__Work required__: Begin with the first line of the material and write out each line exactly, ending with the line that contains "辽宁省高级人民法院《关于常见犯罪的量刑指导意见》实施细则(一)". Pictures are not part of the copy.

__Collected data__:
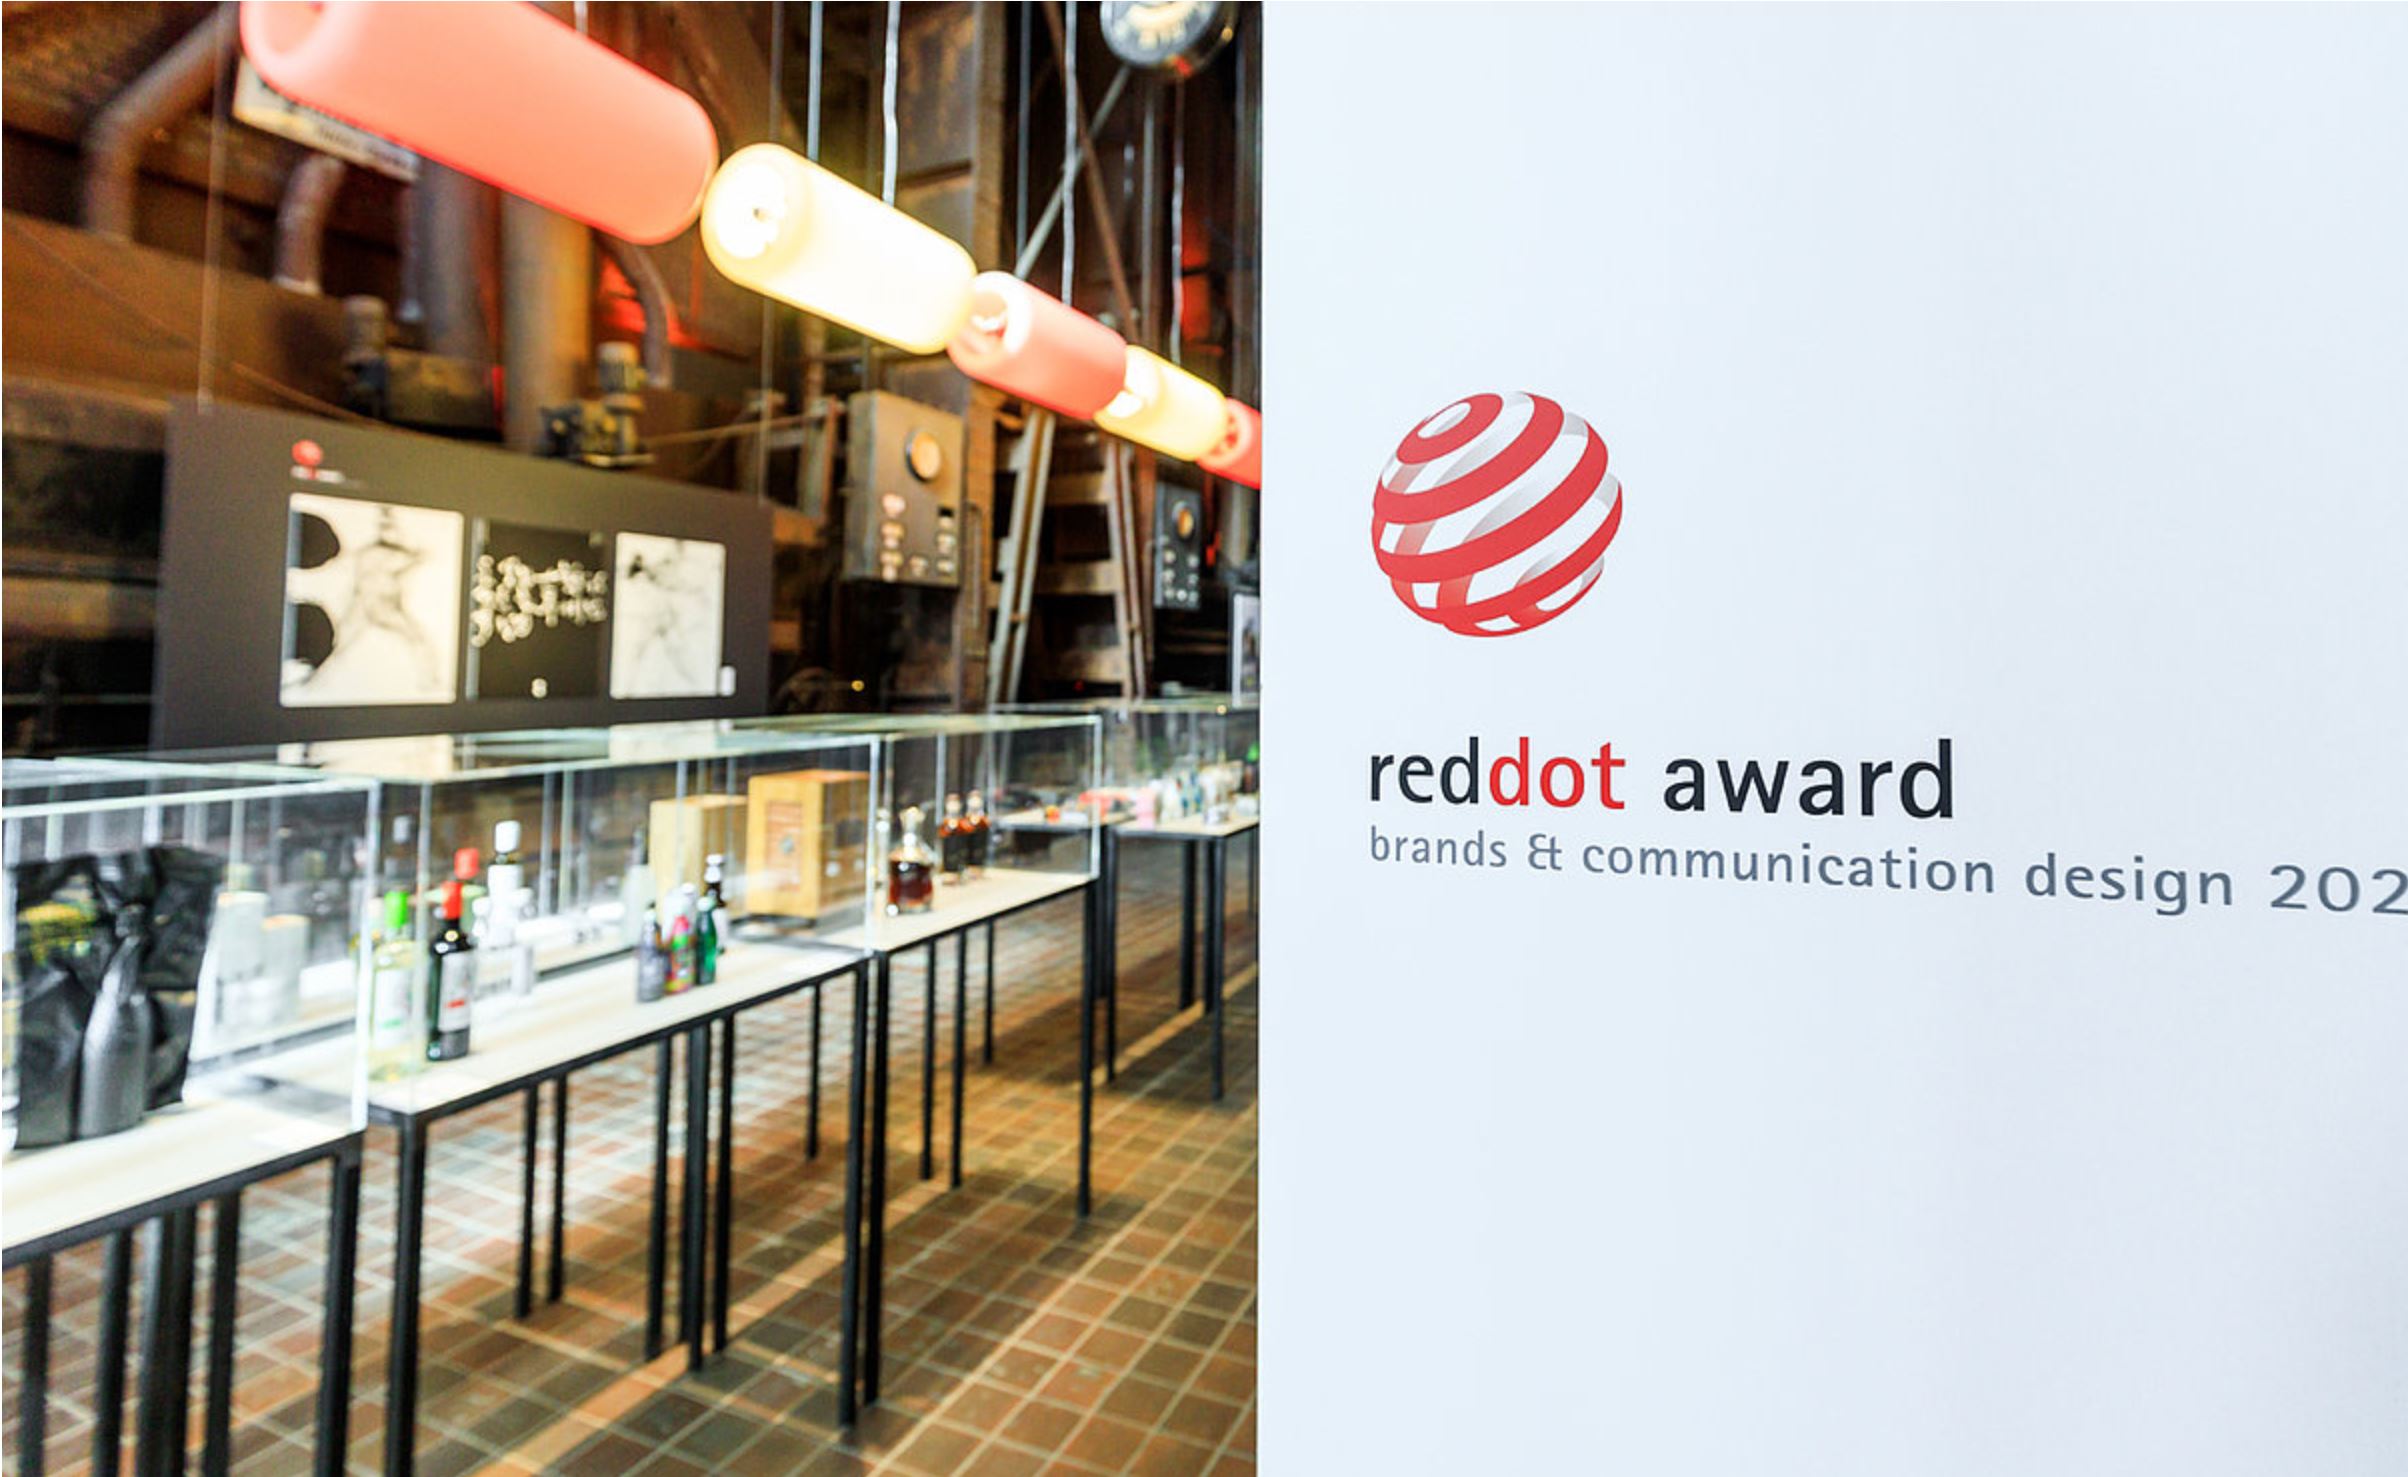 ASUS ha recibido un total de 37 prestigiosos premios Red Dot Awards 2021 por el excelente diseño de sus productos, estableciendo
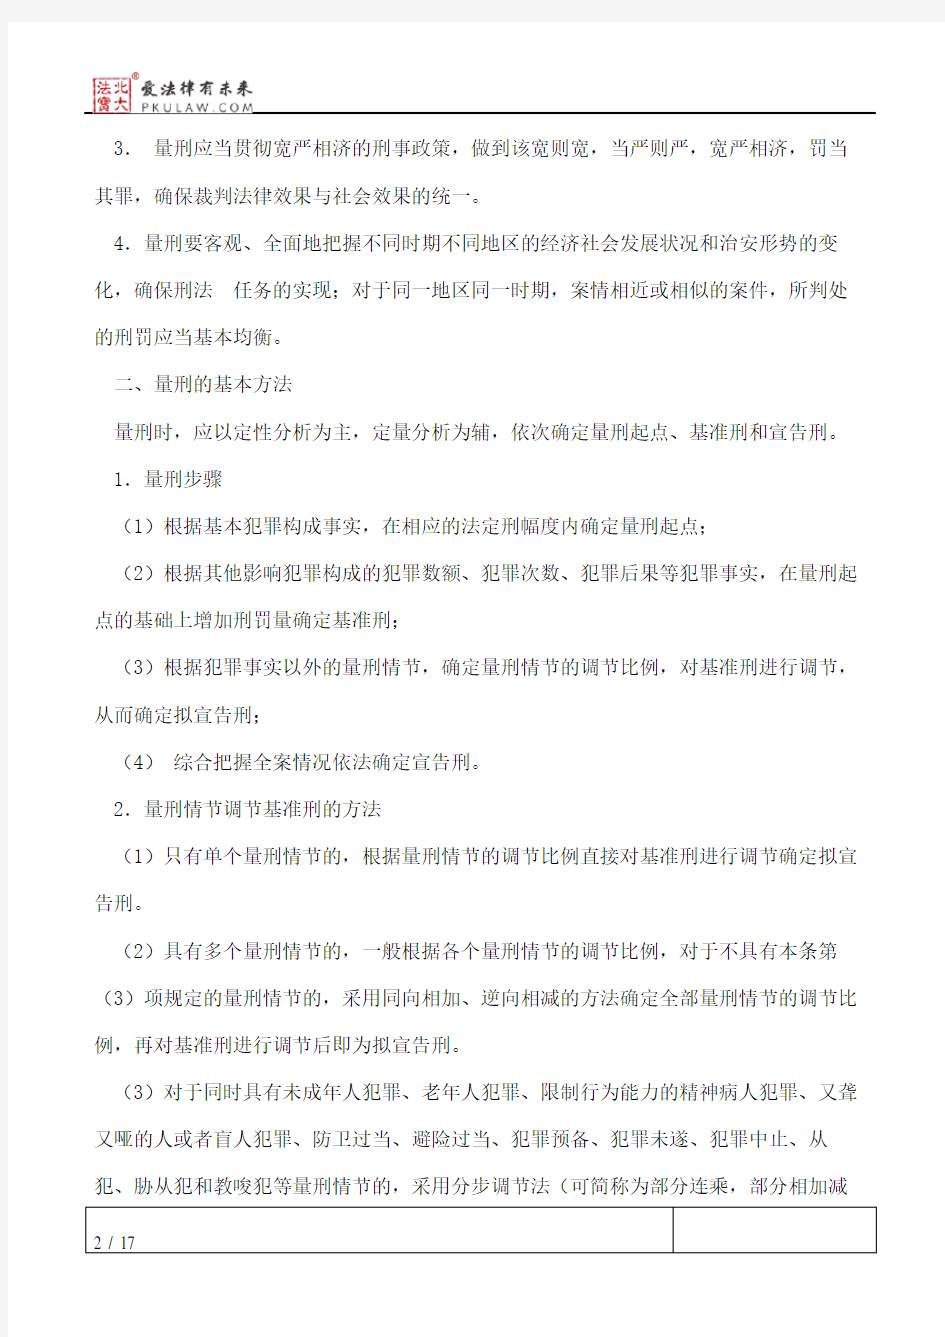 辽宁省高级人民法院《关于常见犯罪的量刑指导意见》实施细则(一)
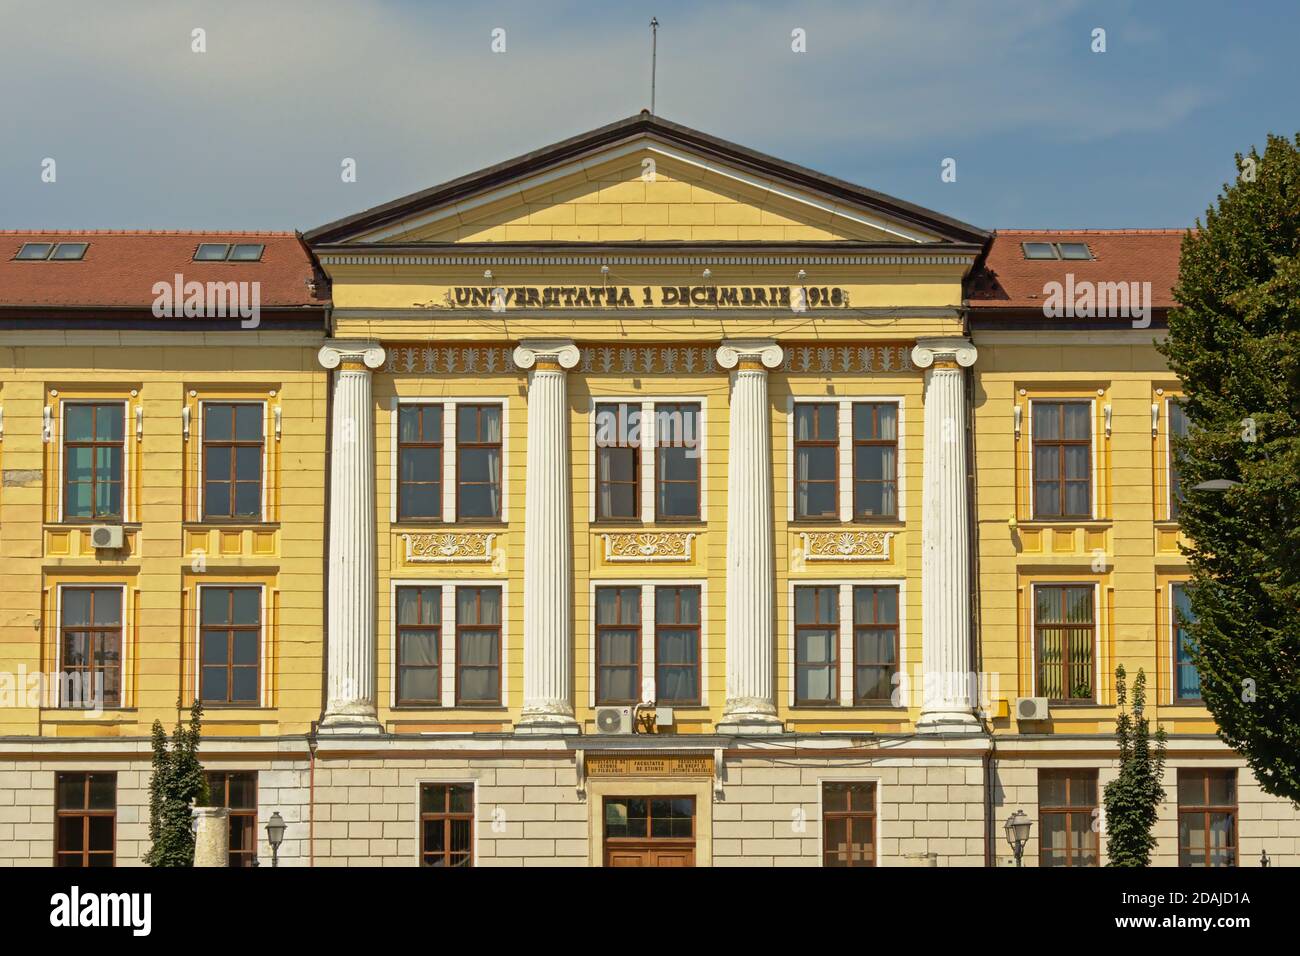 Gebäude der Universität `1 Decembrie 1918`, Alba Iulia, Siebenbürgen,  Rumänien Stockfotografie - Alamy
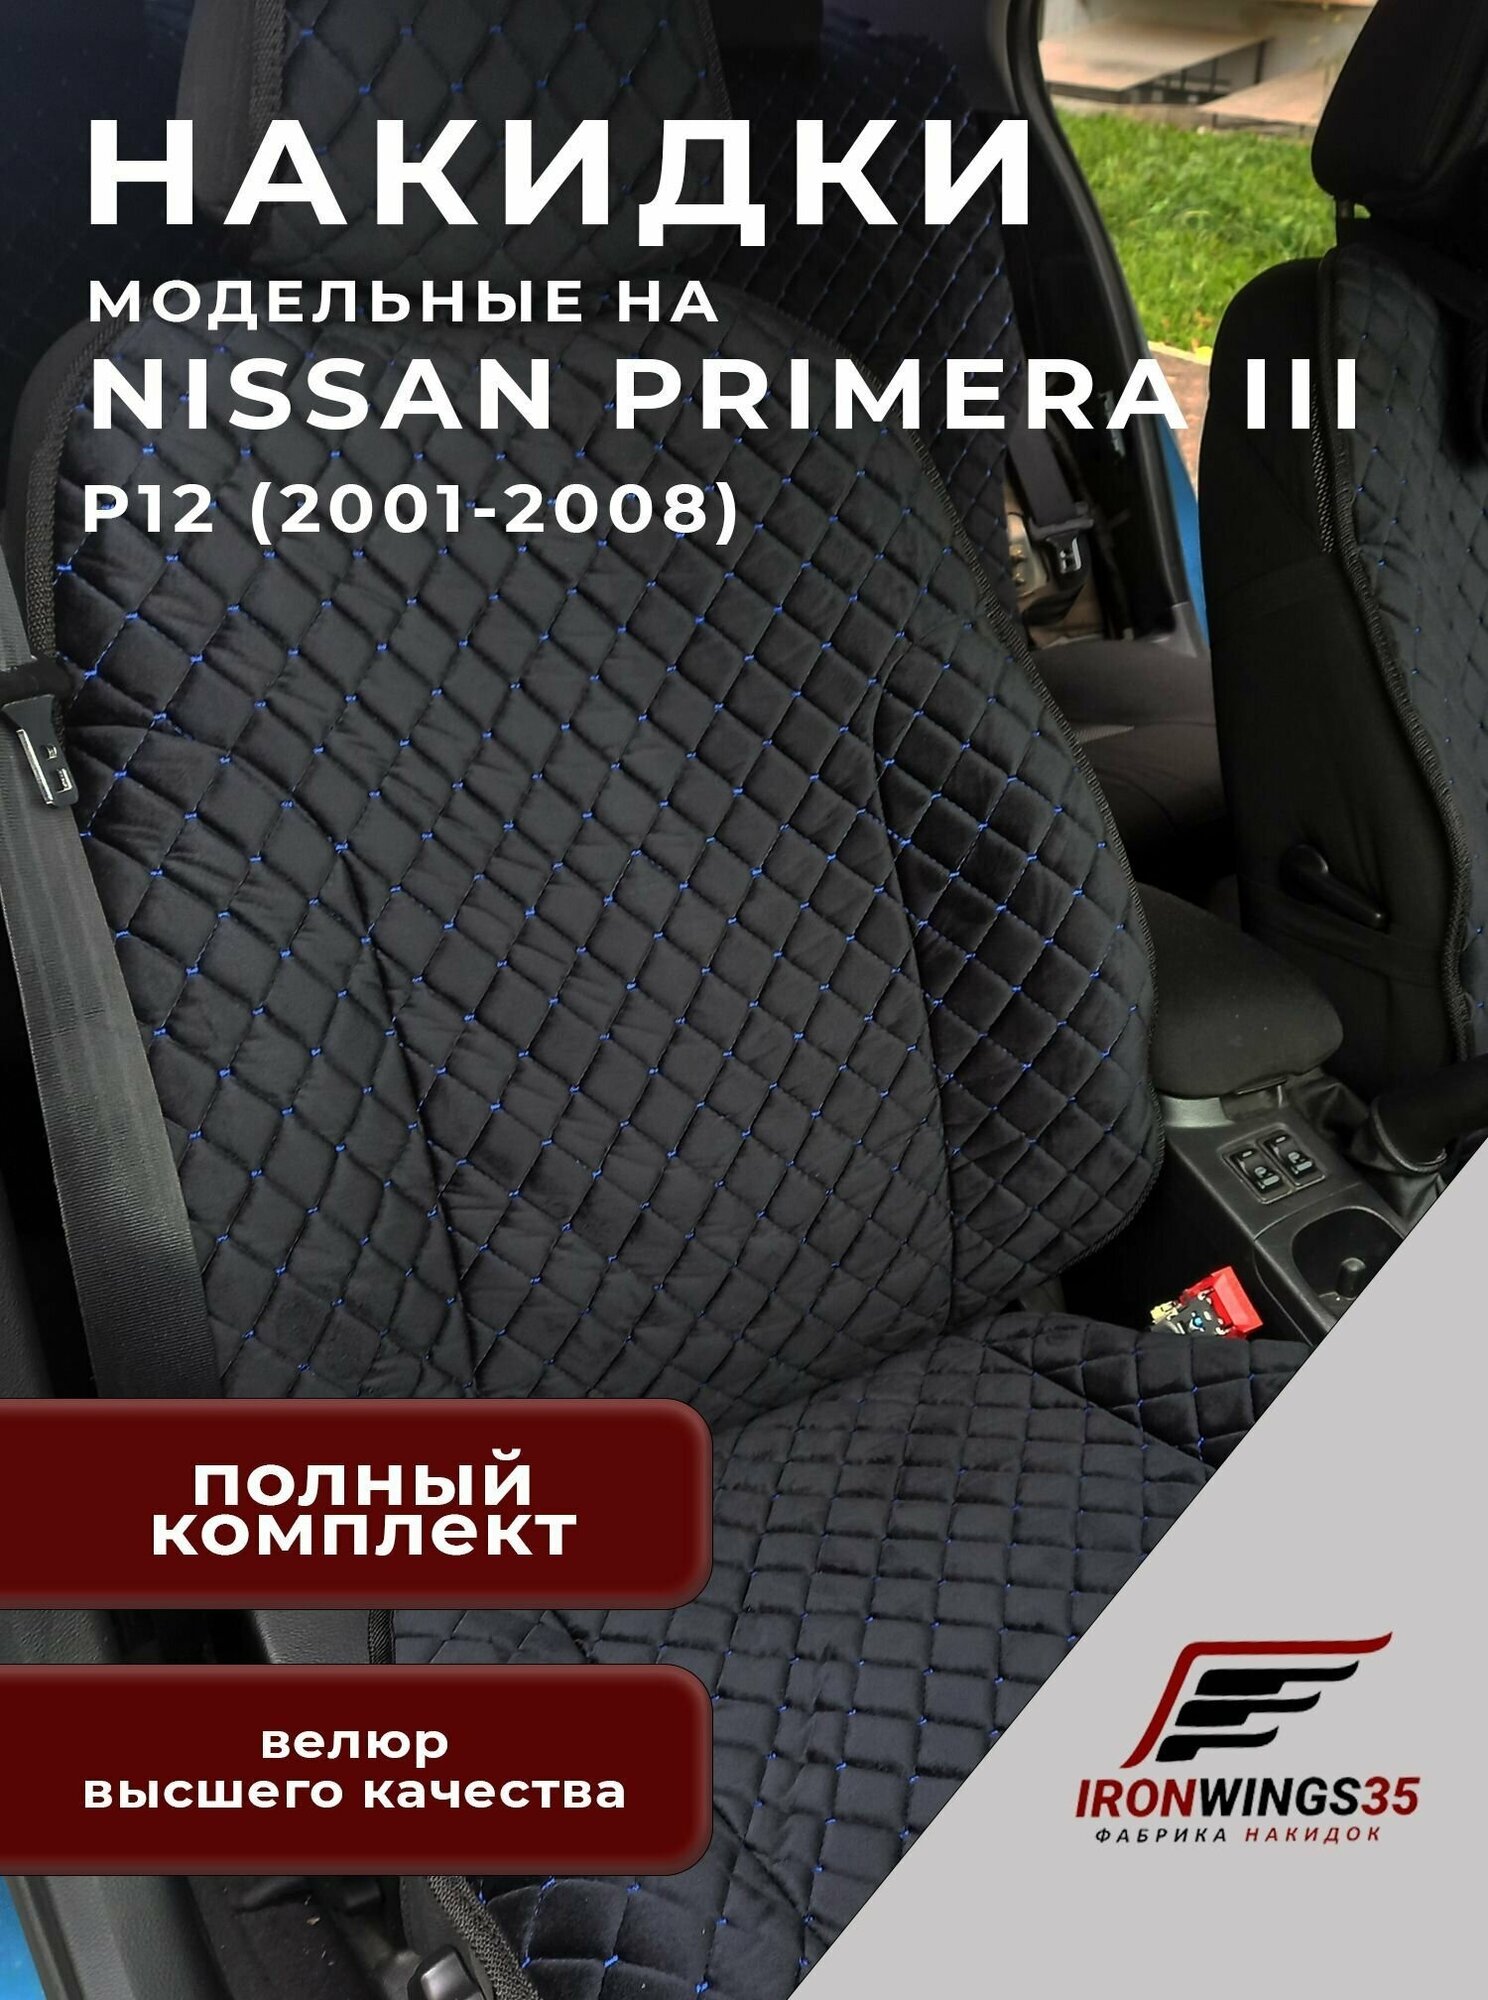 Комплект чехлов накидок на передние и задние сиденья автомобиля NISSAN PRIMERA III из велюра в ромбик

__Result of the task__:
 ASUS ha recibido un total de 37 prestigiosos premios Red Dot Awards 2021 por el excelente diseño de sus productos, estableciendo
 辽宁省高级人民法院《关于常见犯罪的量刑指导意见》实施细则(一)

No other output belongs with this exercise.